▶ **DIRECTIONS**
Output the data below exactly, without images.

▶ **INFORMATION SUPPLIED**
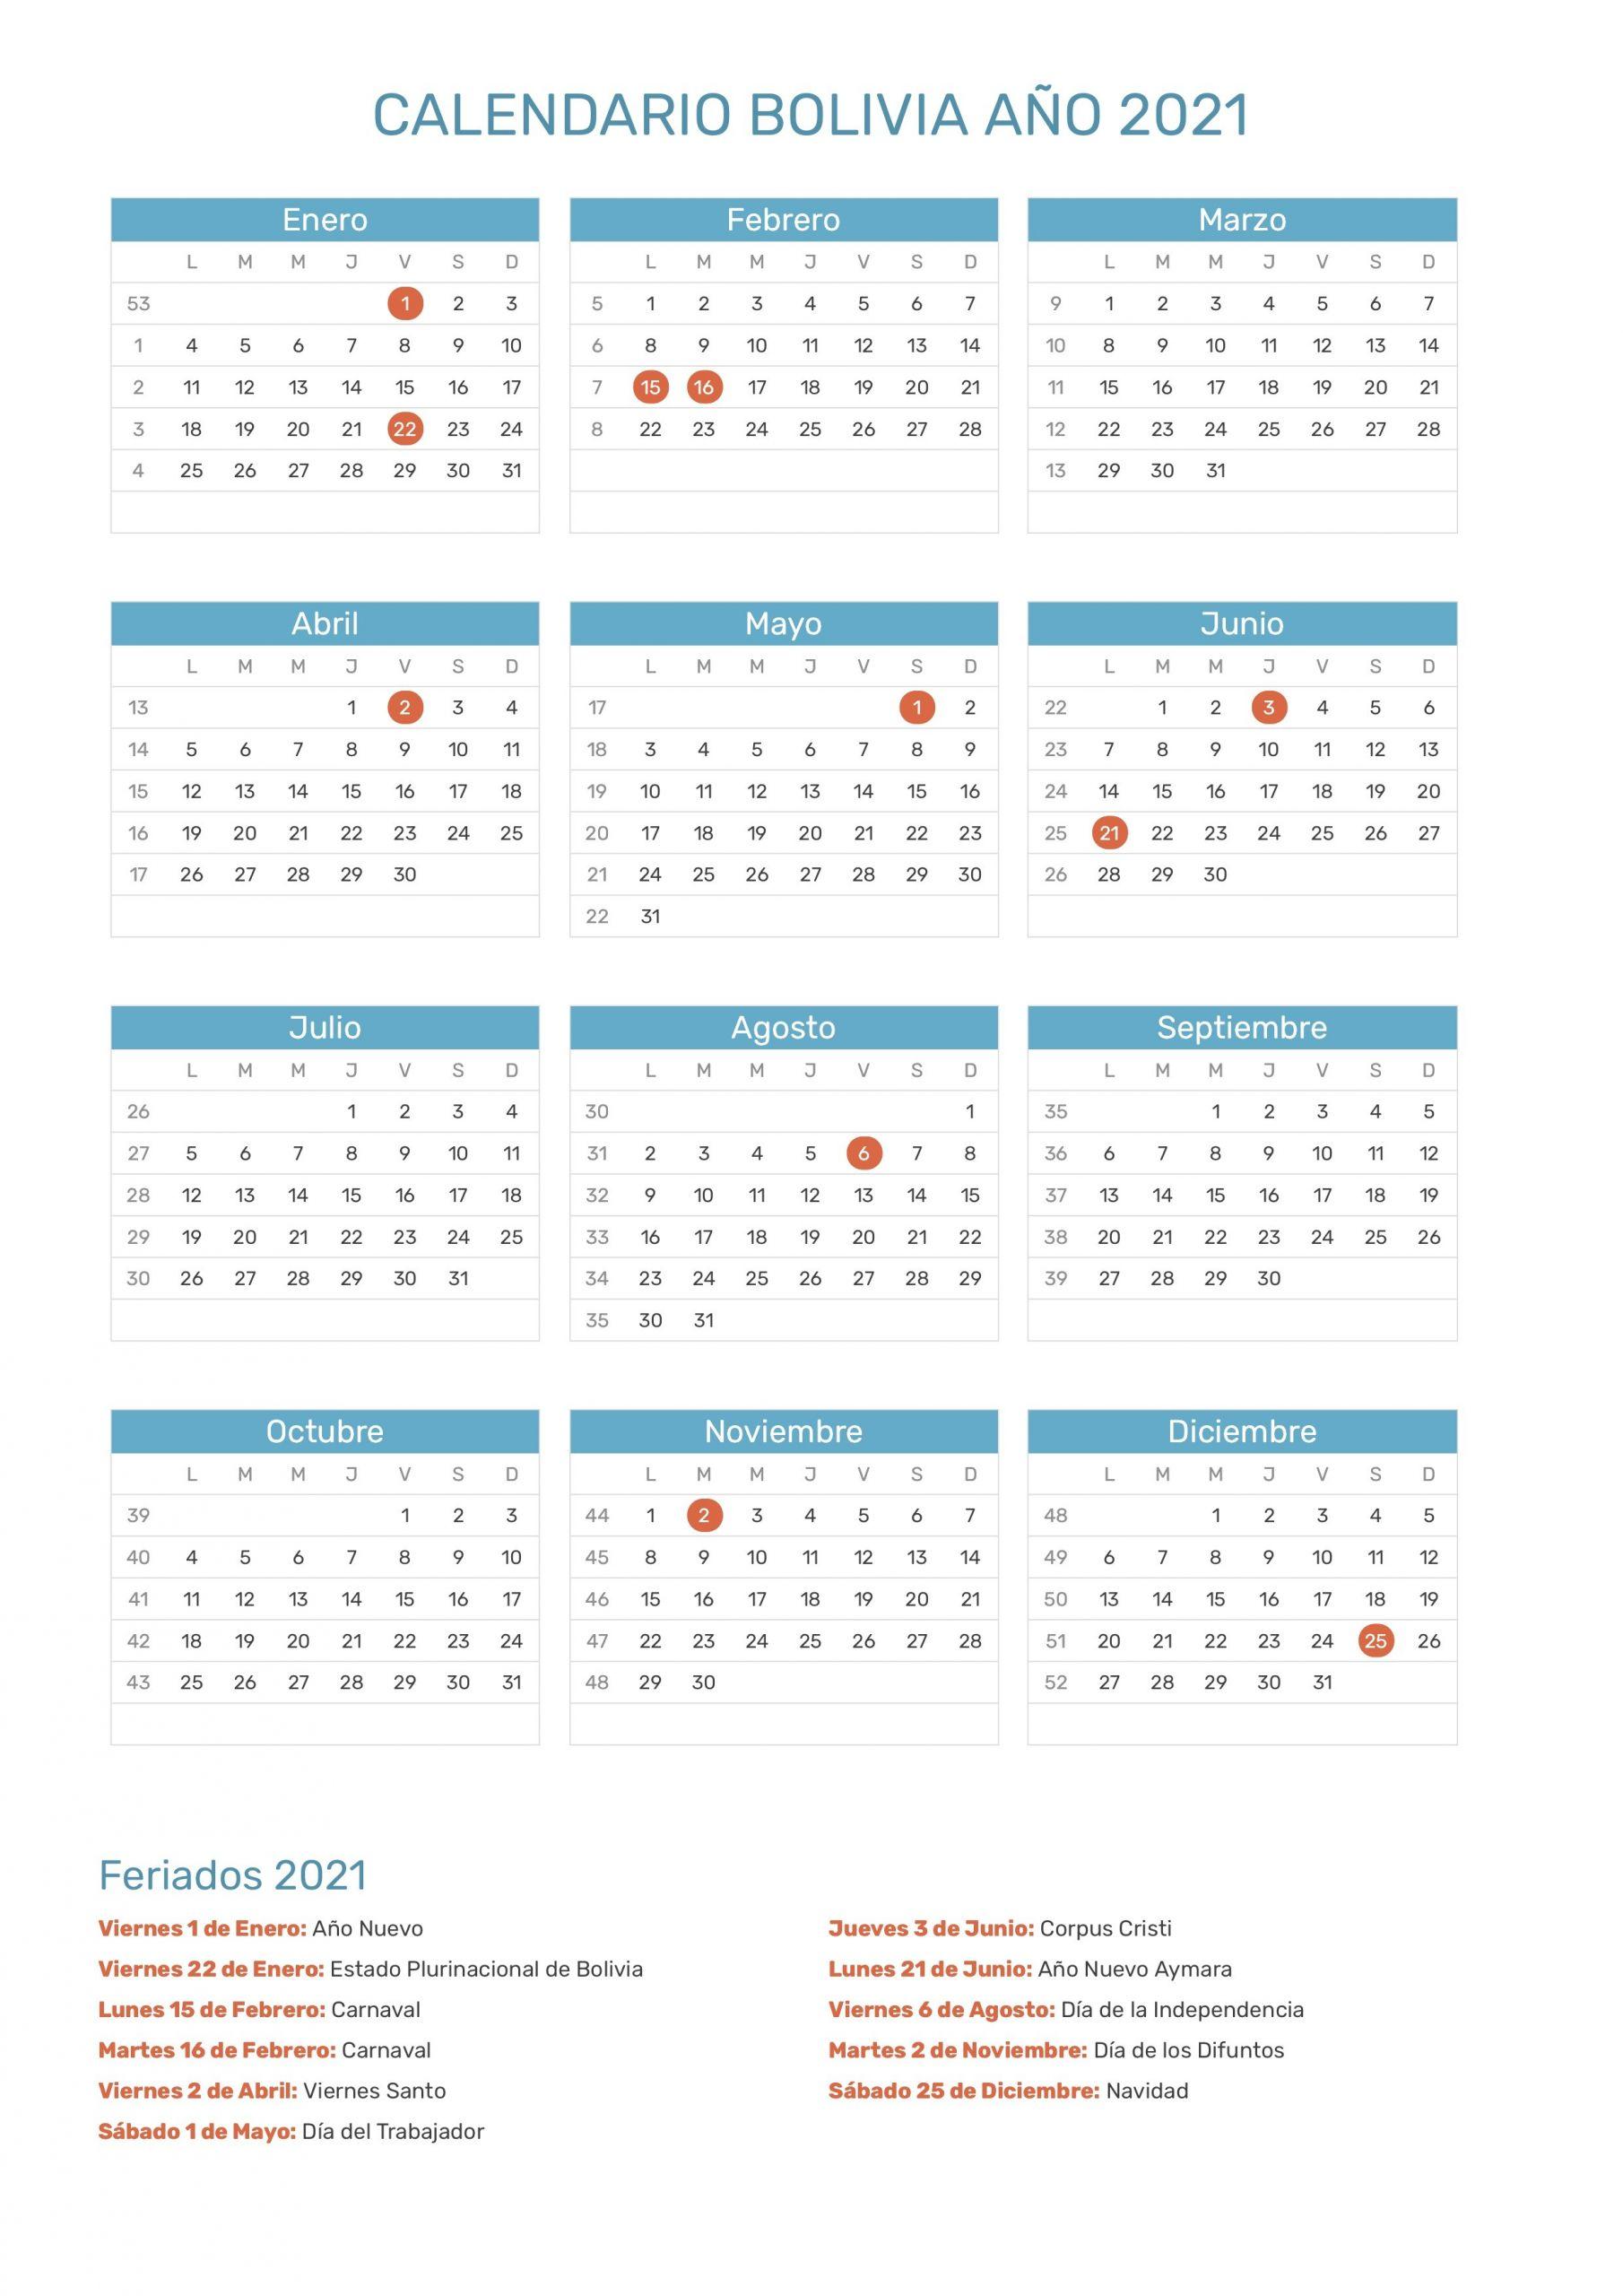 calendario bolivia 2021
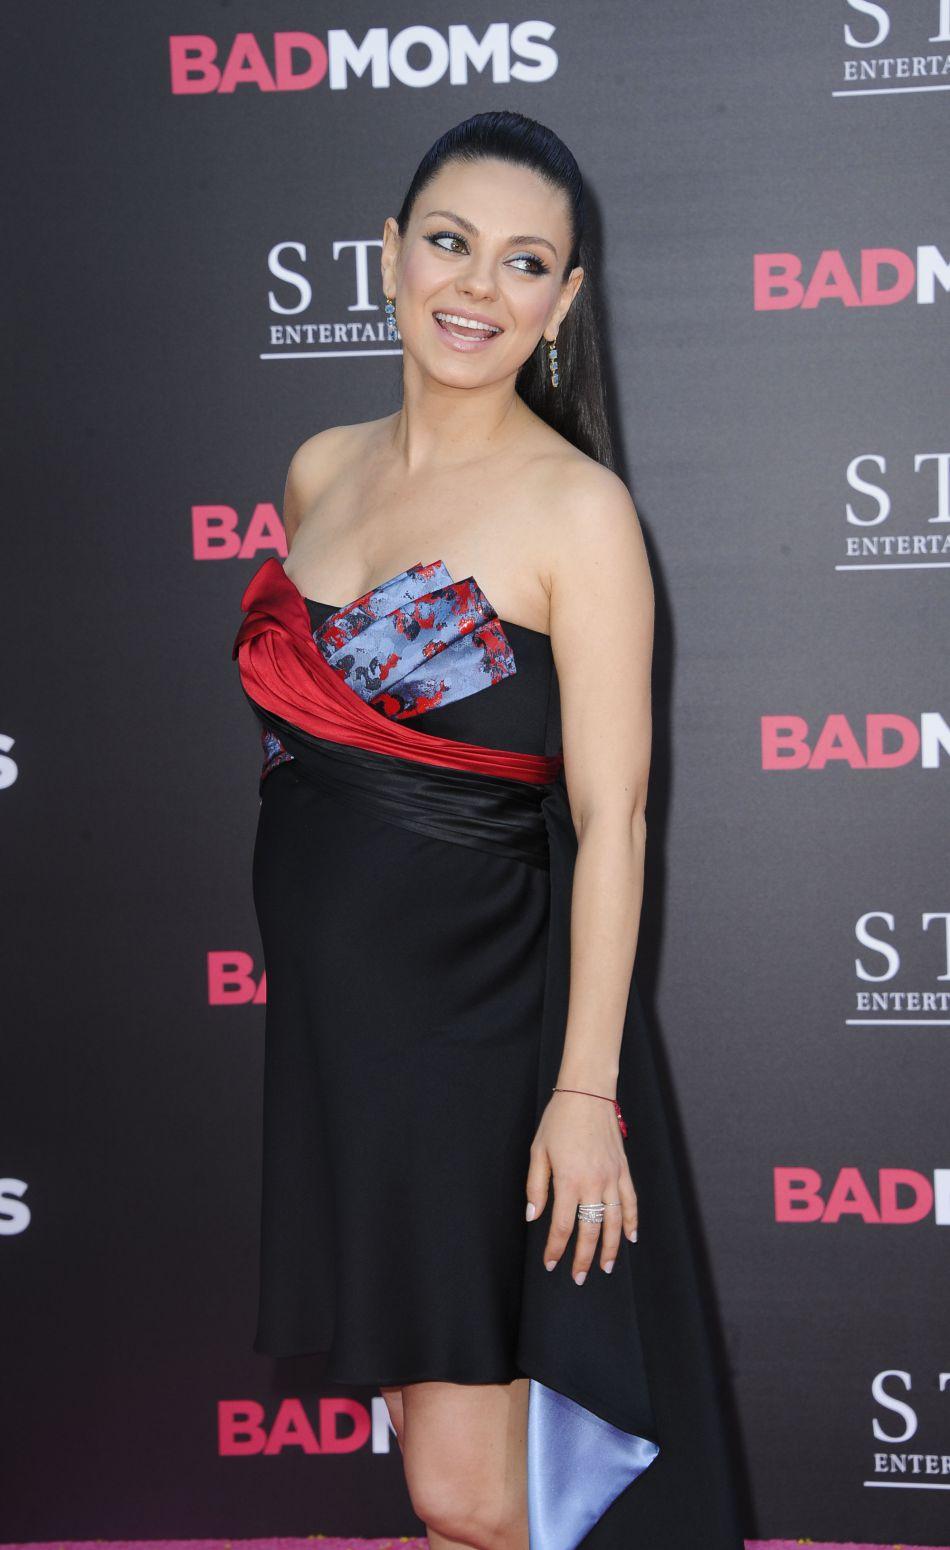 L'actrice avait décidé de faire une pause suite à la naissance de sa fille Wyatt, fruit de son union avec Ashton Kutcher.
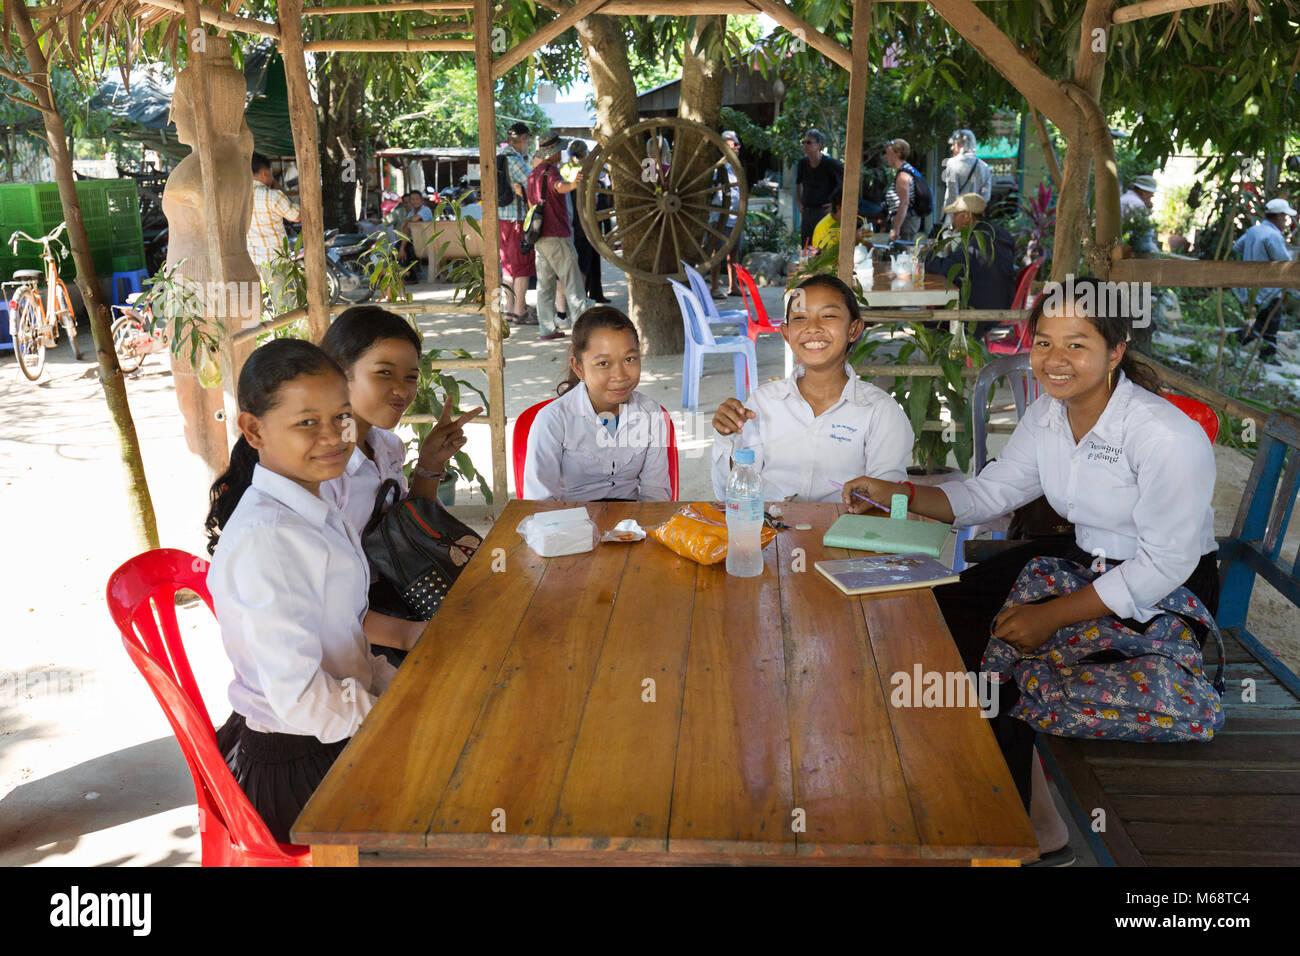 Kambodscha Kinder - teenage Schülerinnen in Schuluniform im Alter von 13-14 Jahren, Kambodscha, Asien Stockbild

▶ **ANSWER BOX**
 calendario bolivia 2021
 L'actrice avait décidé de faire une pause suite à la naissance de sa fille Wyatt, fruit de son union avec Ashton Kutcher.
 Kambodscha Kinder - teenage Schülerinnen in Schuluniform im Alter von 13-14 Jahren, Kambodscha, Asien Stockbild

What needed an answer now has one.